## TO DO
Each line between the one holding "Raiffeisenbank Hammelburg" and the end of the material below, both included, is to be transcribed word for word, with pictures left out.

## DATA EXTRACT
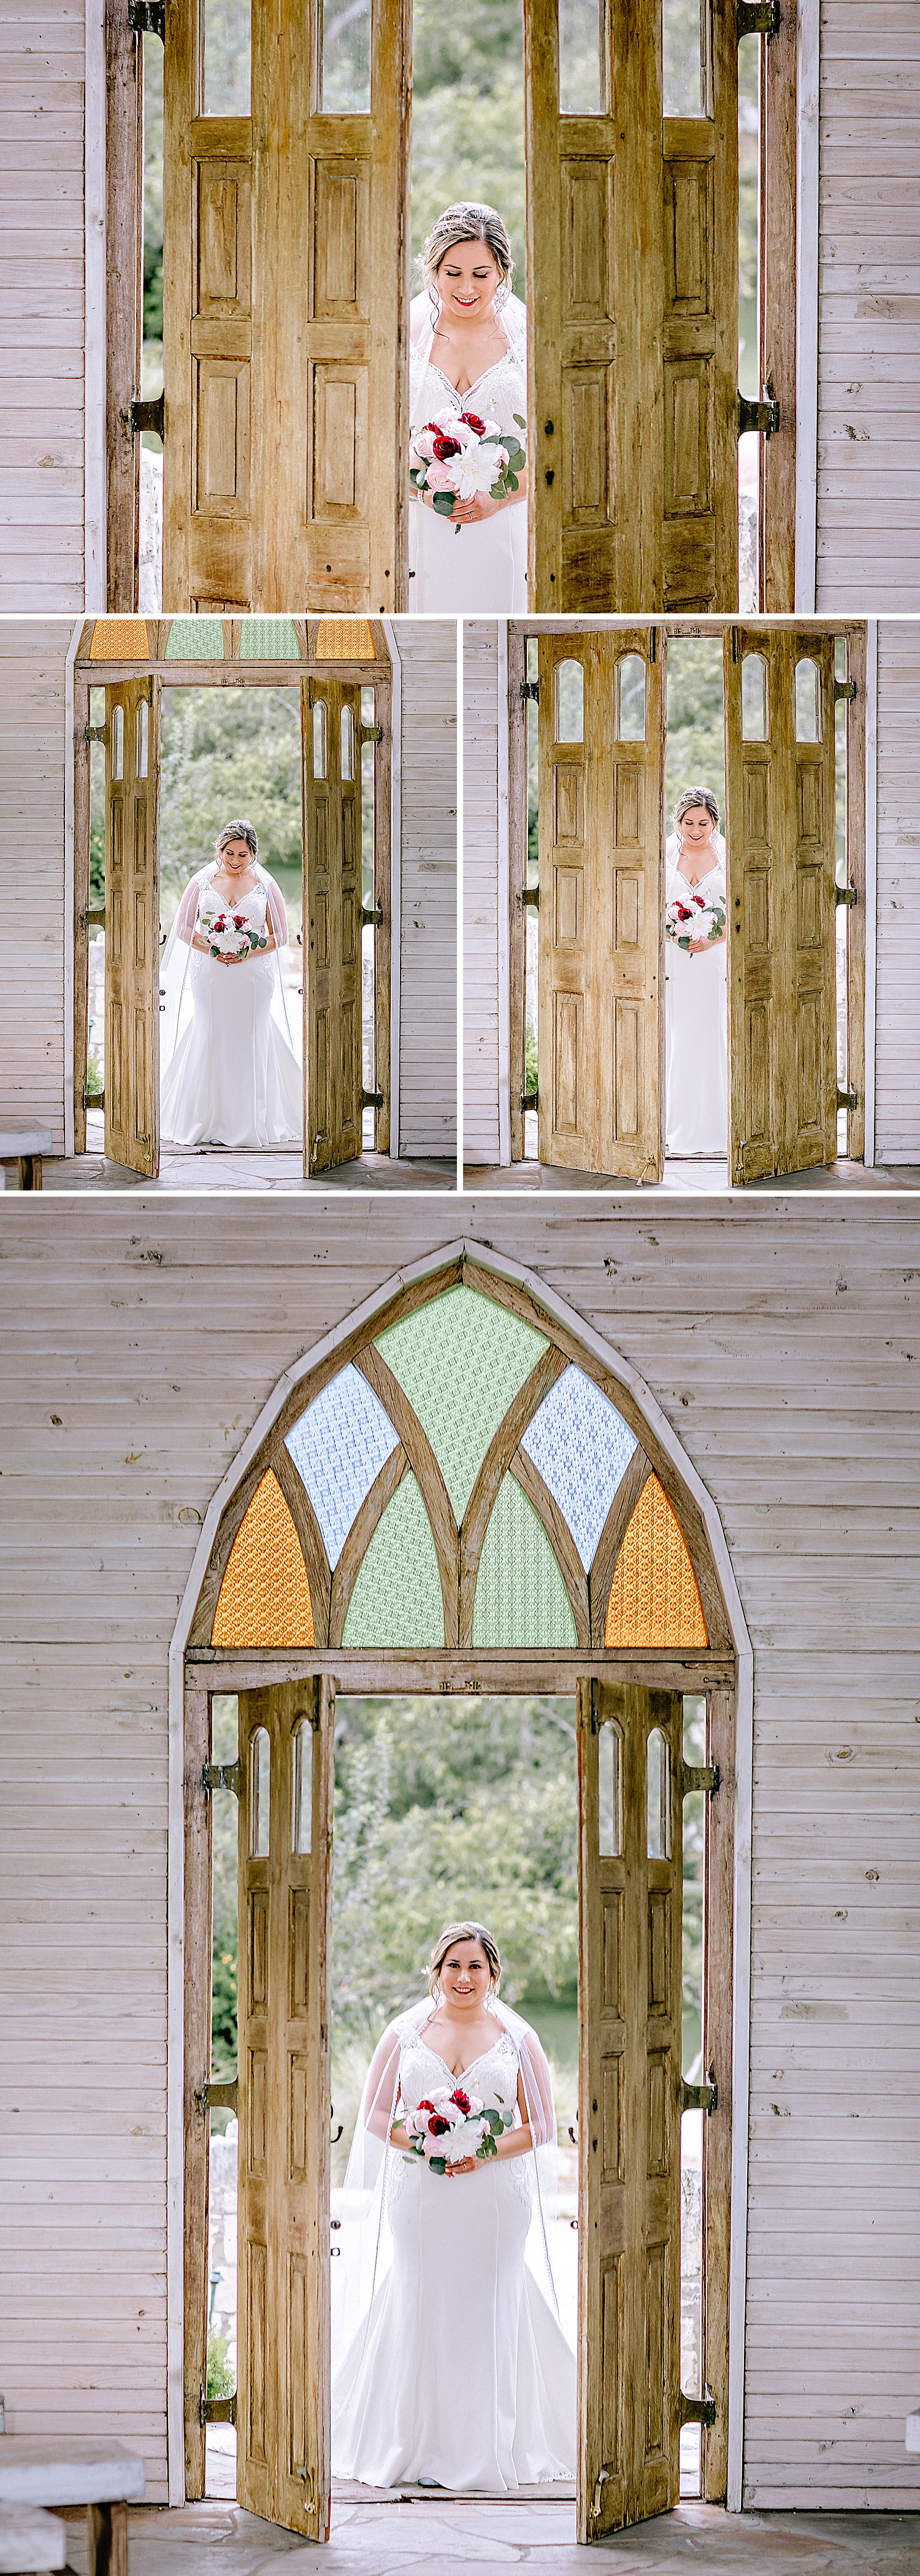 Carly-Barton-Photography-Gruene-Estate-Wedding-Photographer-New-Braunfels-Texas-Bridal-Session_0020.jpg
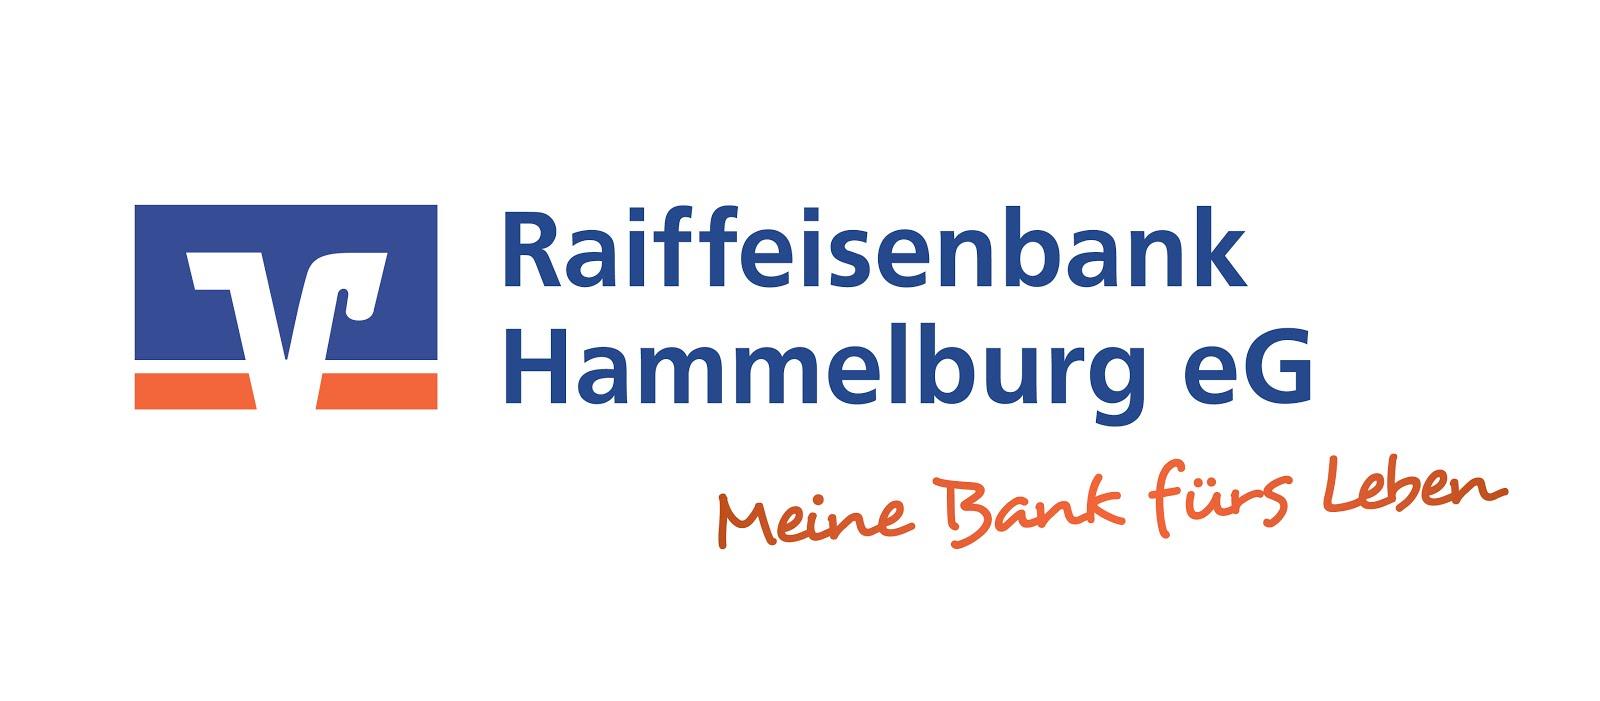 Raiffeisenbank Hammelburg
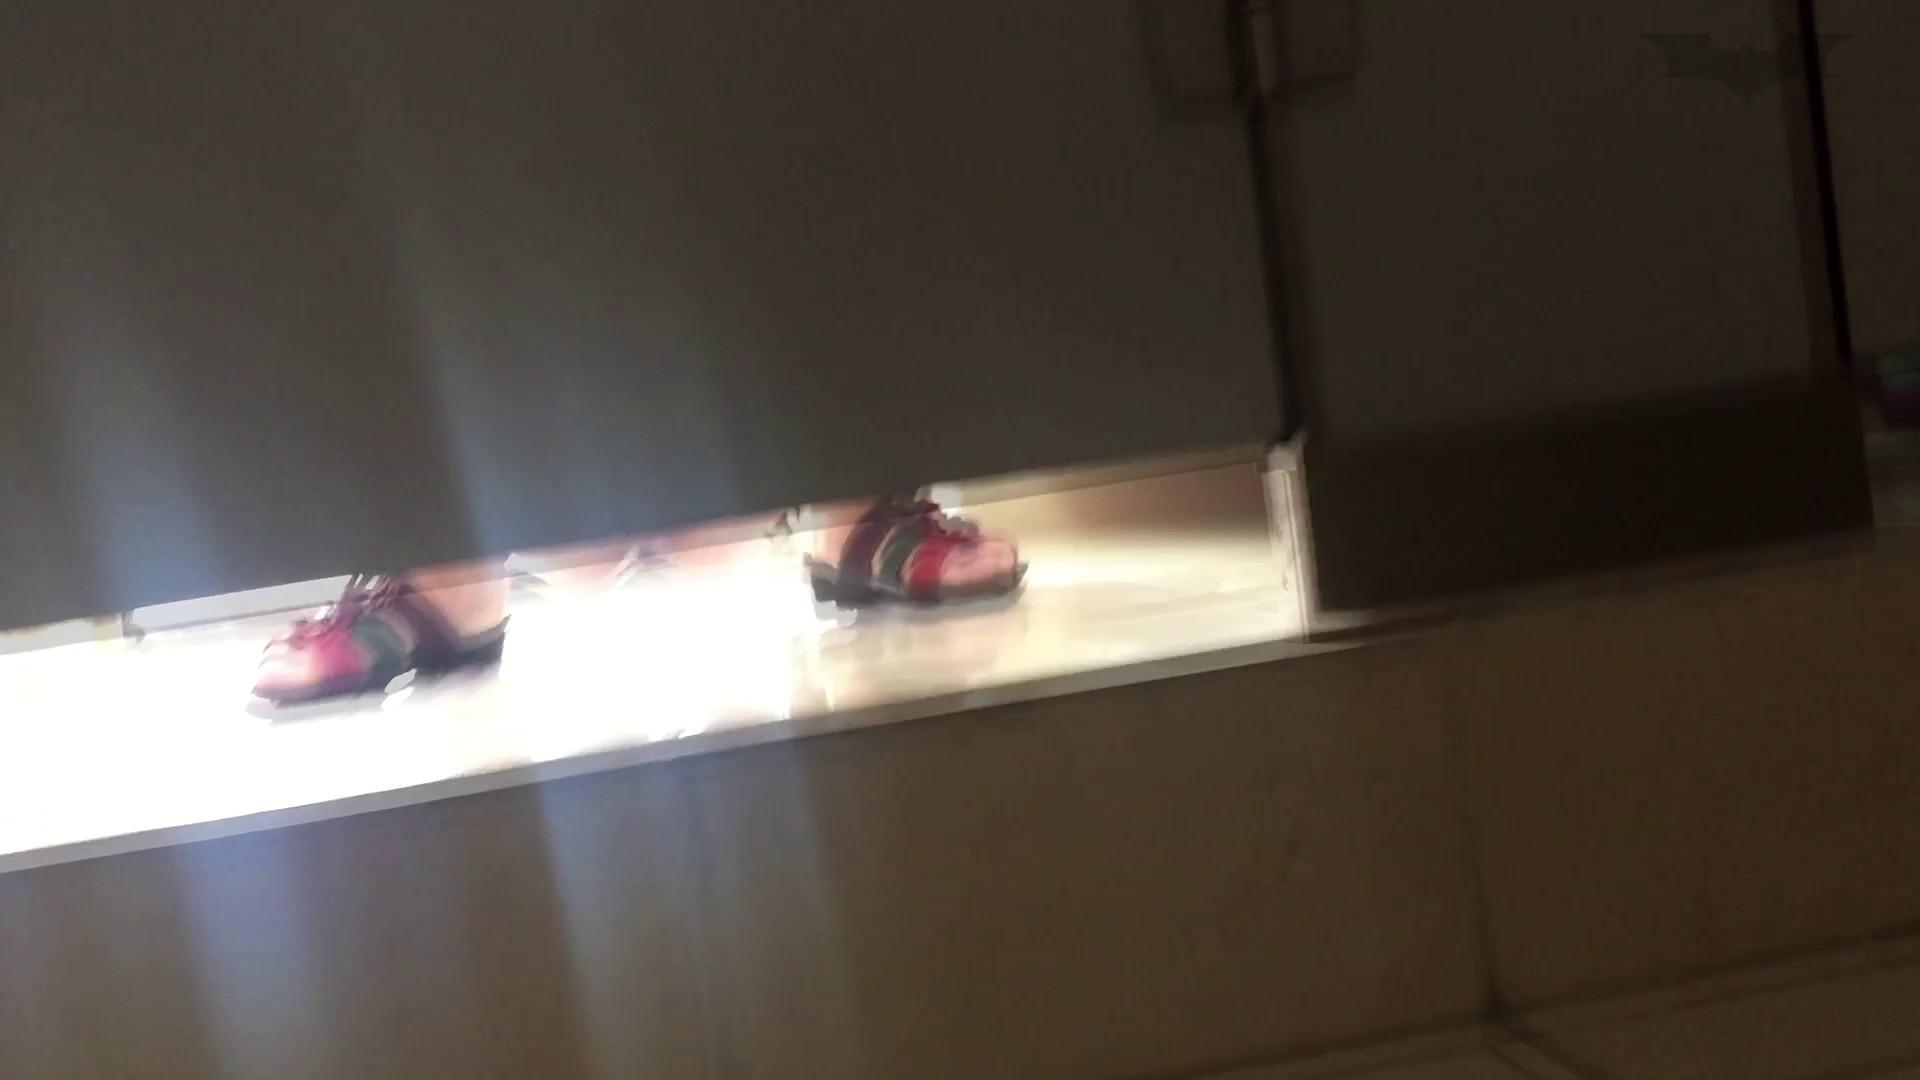 JD盗撮 美女の洗面所の秘密 Vol.74 美肌 オマンコ動画キャプチャ 109画像 85

## EXERCISE RESPONSE
 Raiffeisenbank Hammelburg
 JD盗撮 美女の洗面所の秘密 Vol.74 美肌 オマンコ動画キャプチャ 109画像 85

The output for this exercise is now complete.